**Task brief**
Take from the entries below the stretch from the line with "John Frieda Introduces" through the line with "Premium Quality Luxury", and return it exactly, leaving the pictures out.

**Records supplied**

⟨

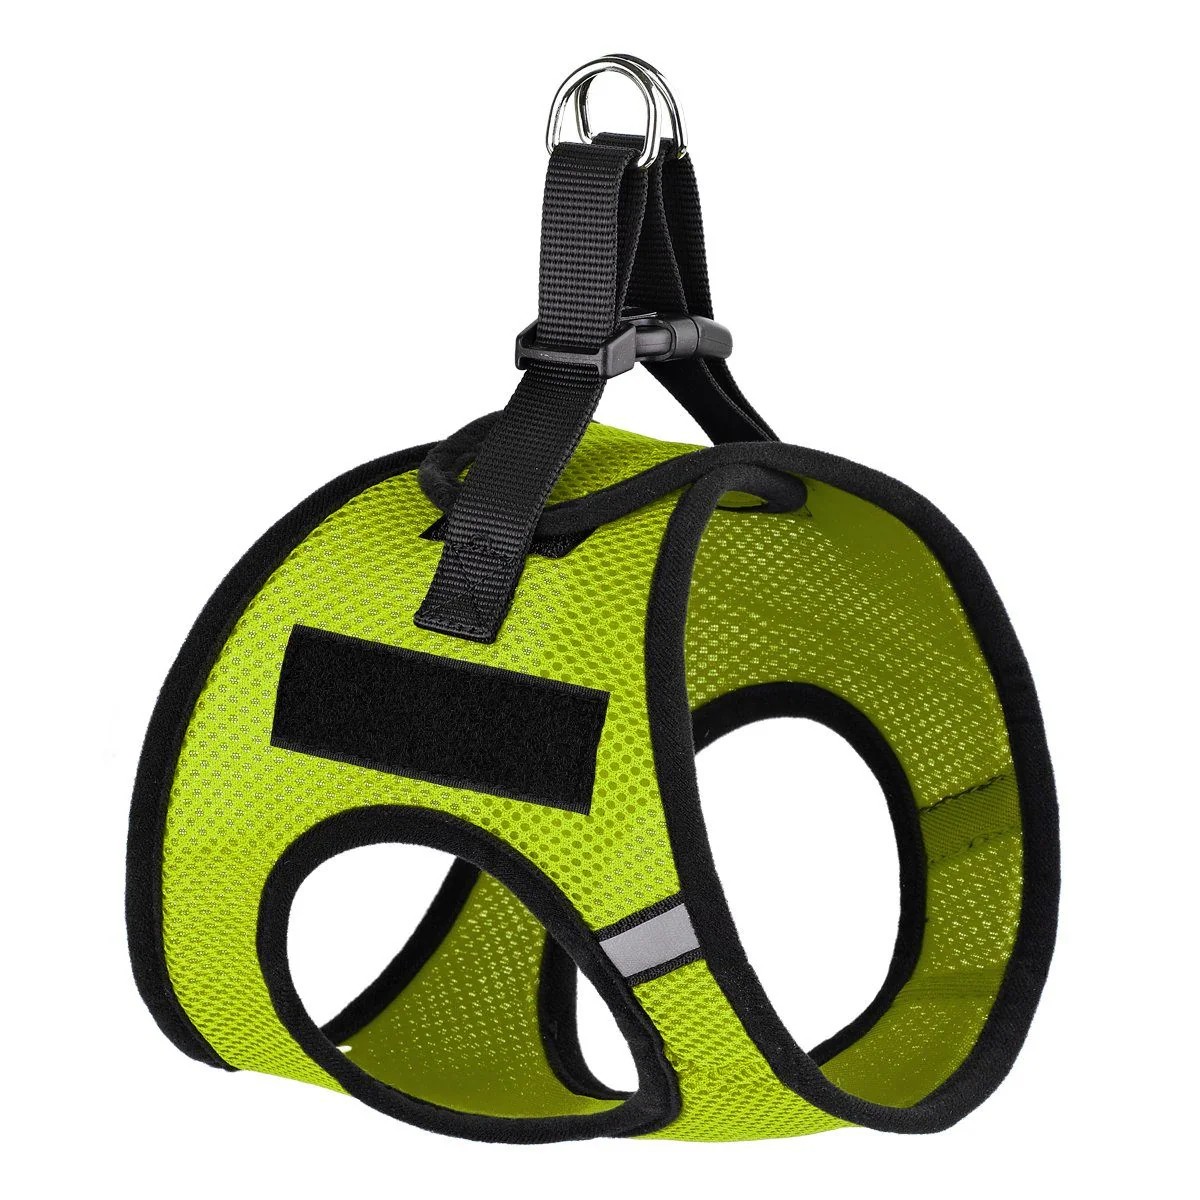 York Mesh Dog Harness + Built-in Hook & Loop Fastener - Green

⟩
⟨

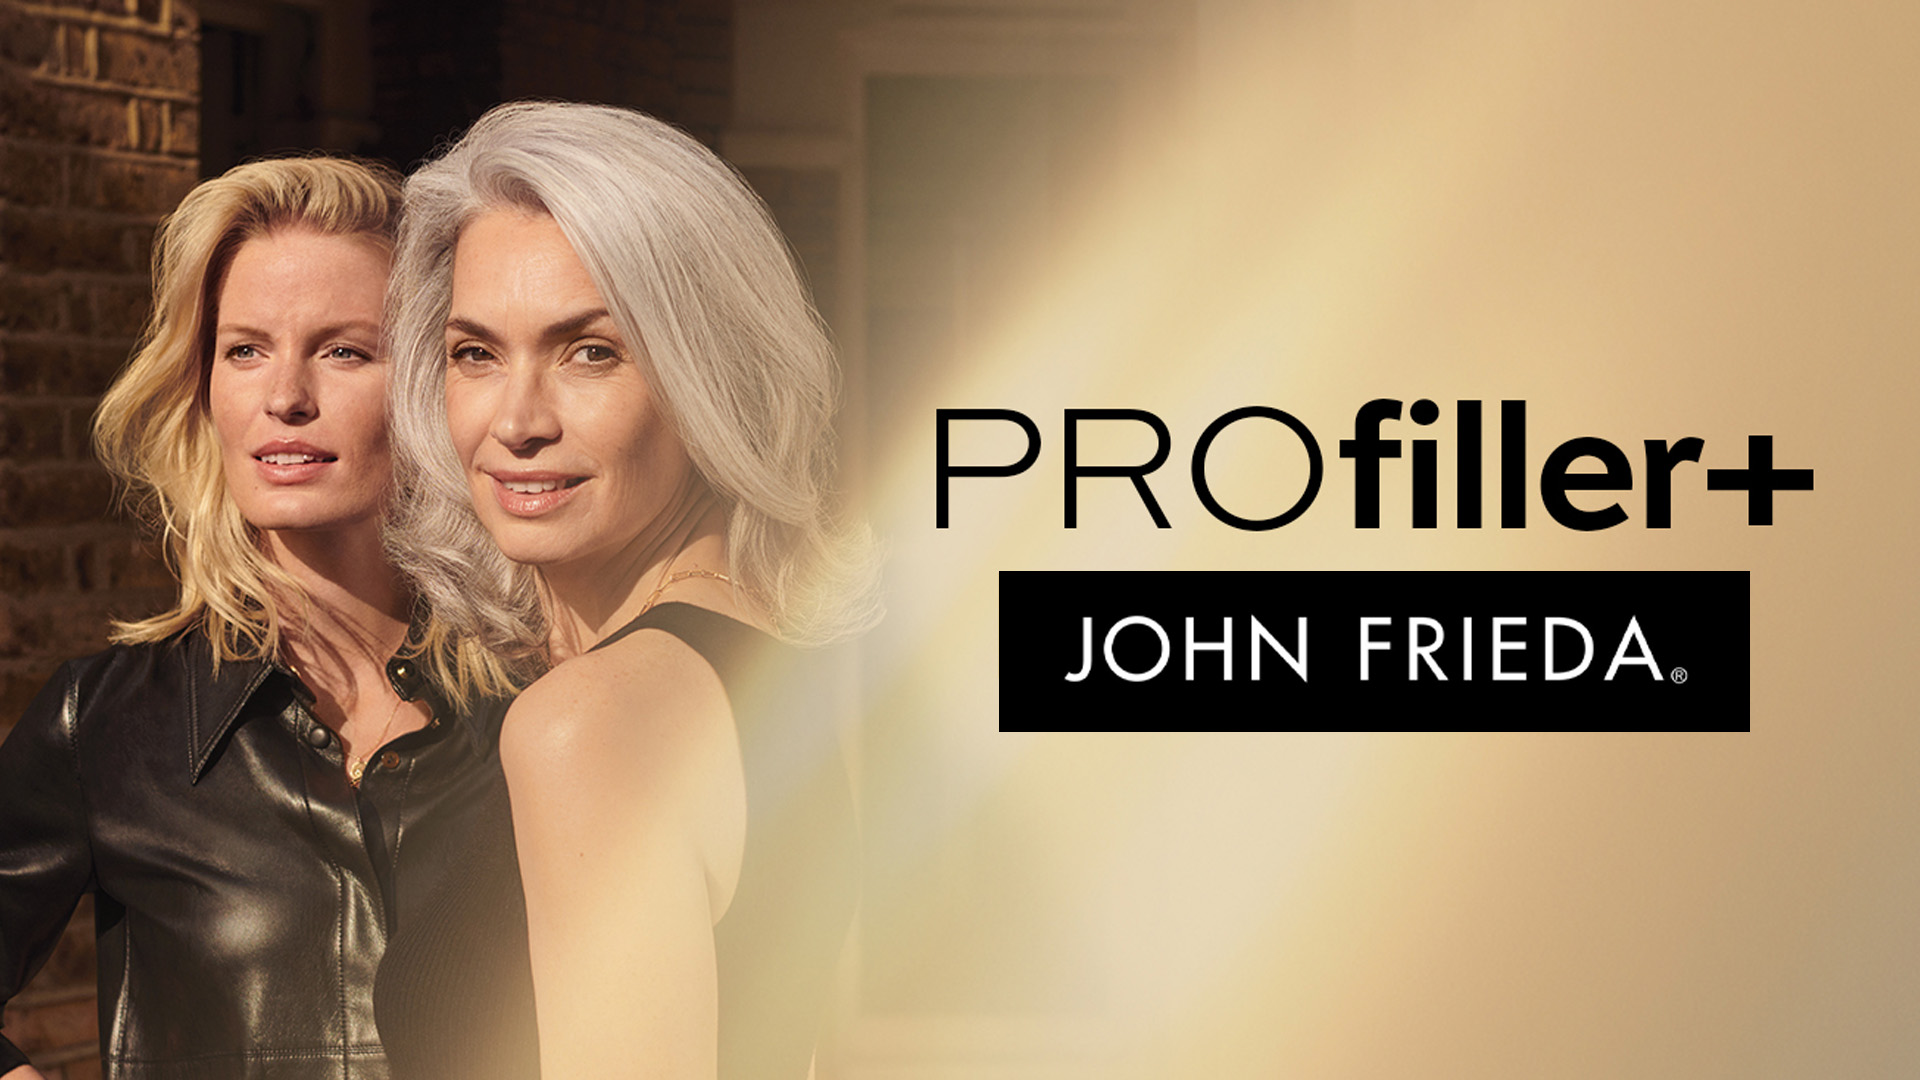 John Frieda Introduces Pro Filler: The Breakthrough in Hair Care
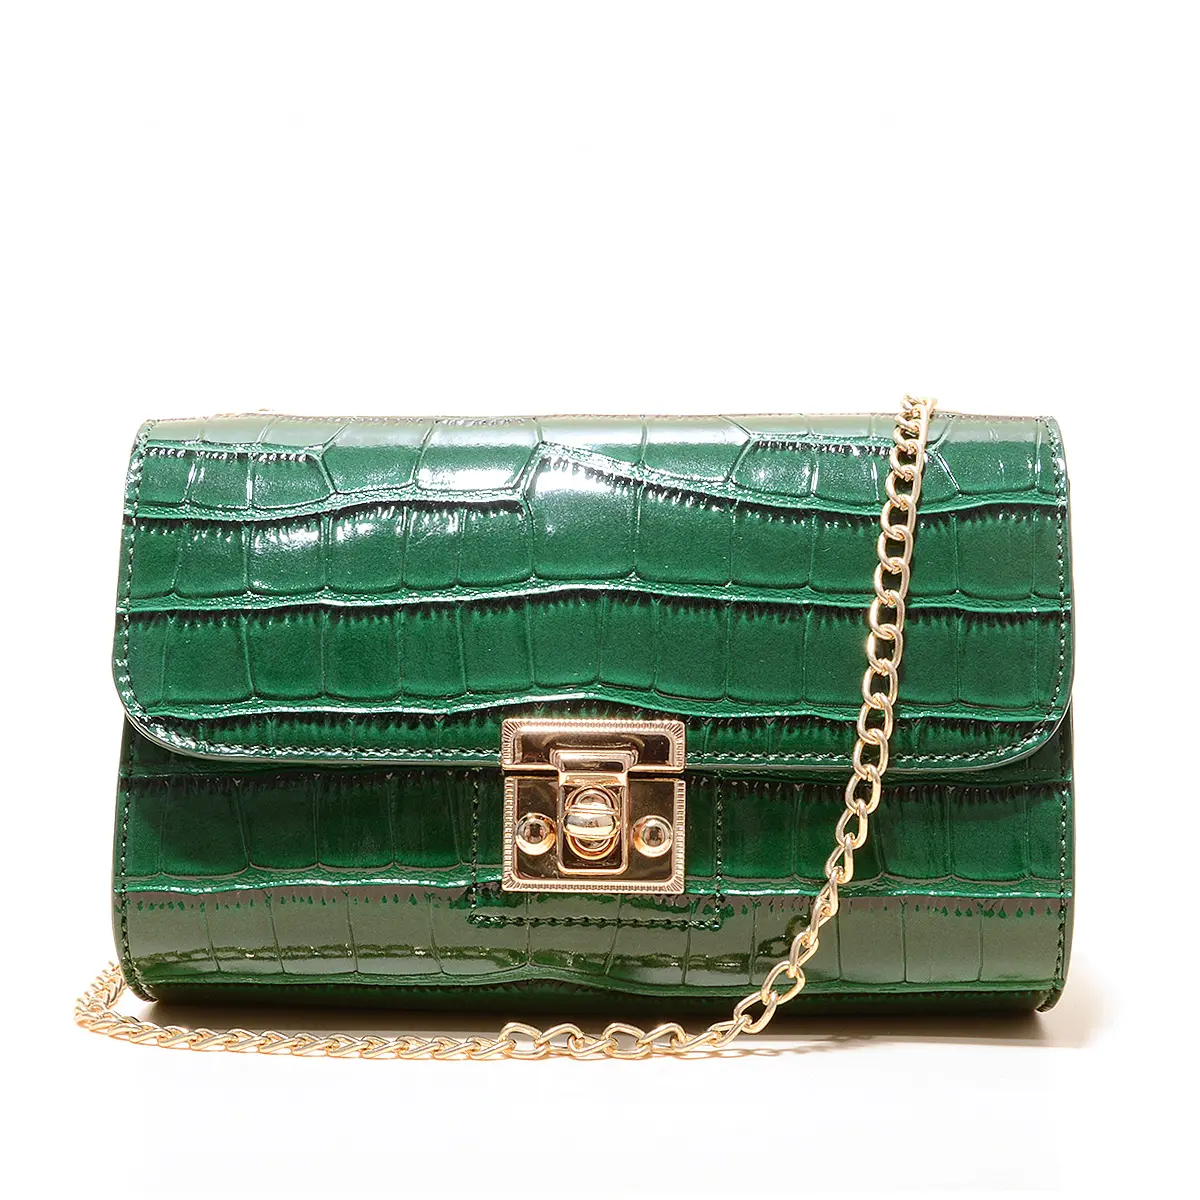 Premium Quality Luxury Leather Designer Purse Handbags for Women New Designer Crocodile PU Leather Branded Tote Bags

⟩
⟨

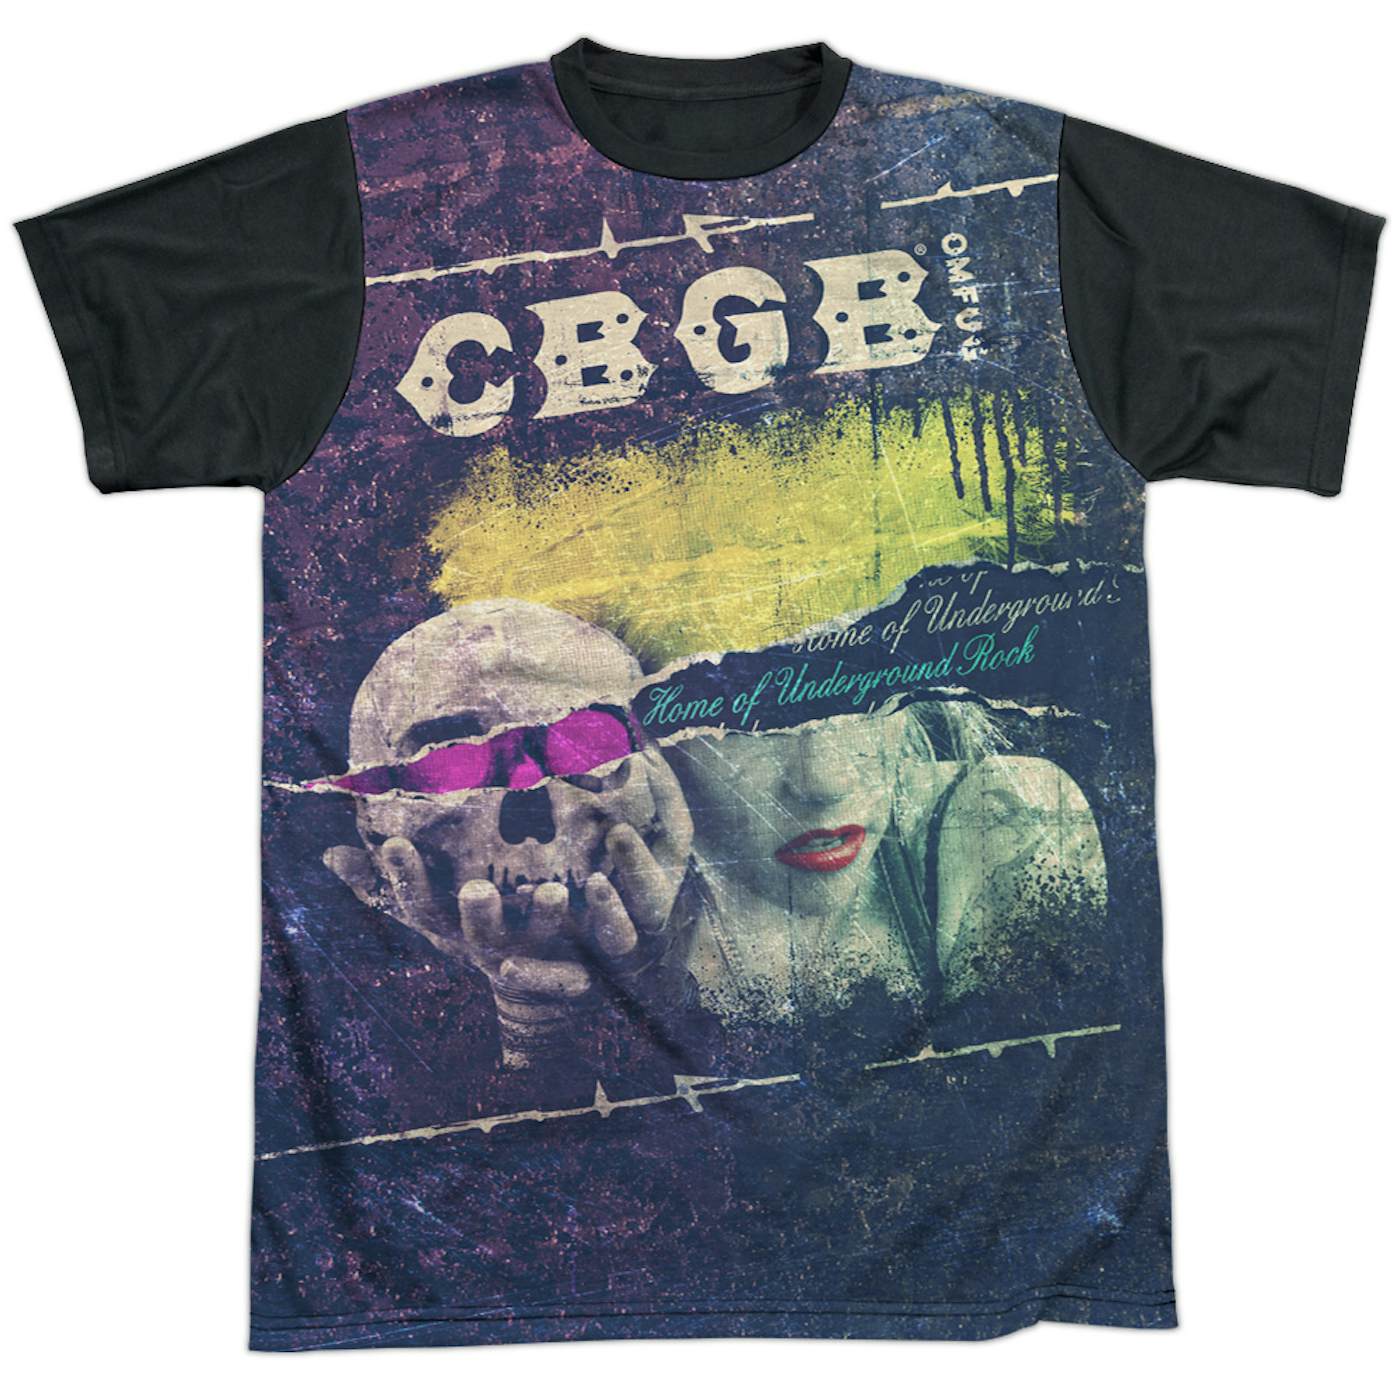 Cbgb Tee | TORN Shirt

⟩

**Reply to the task**
 John Frieda Introduces Pro Filler: The Breakthrough in Hair Care
 Premium Quality Luxury Leather Designer Purse Handbags for Women New Designer Crocodile PU Leather Branded Tote Bags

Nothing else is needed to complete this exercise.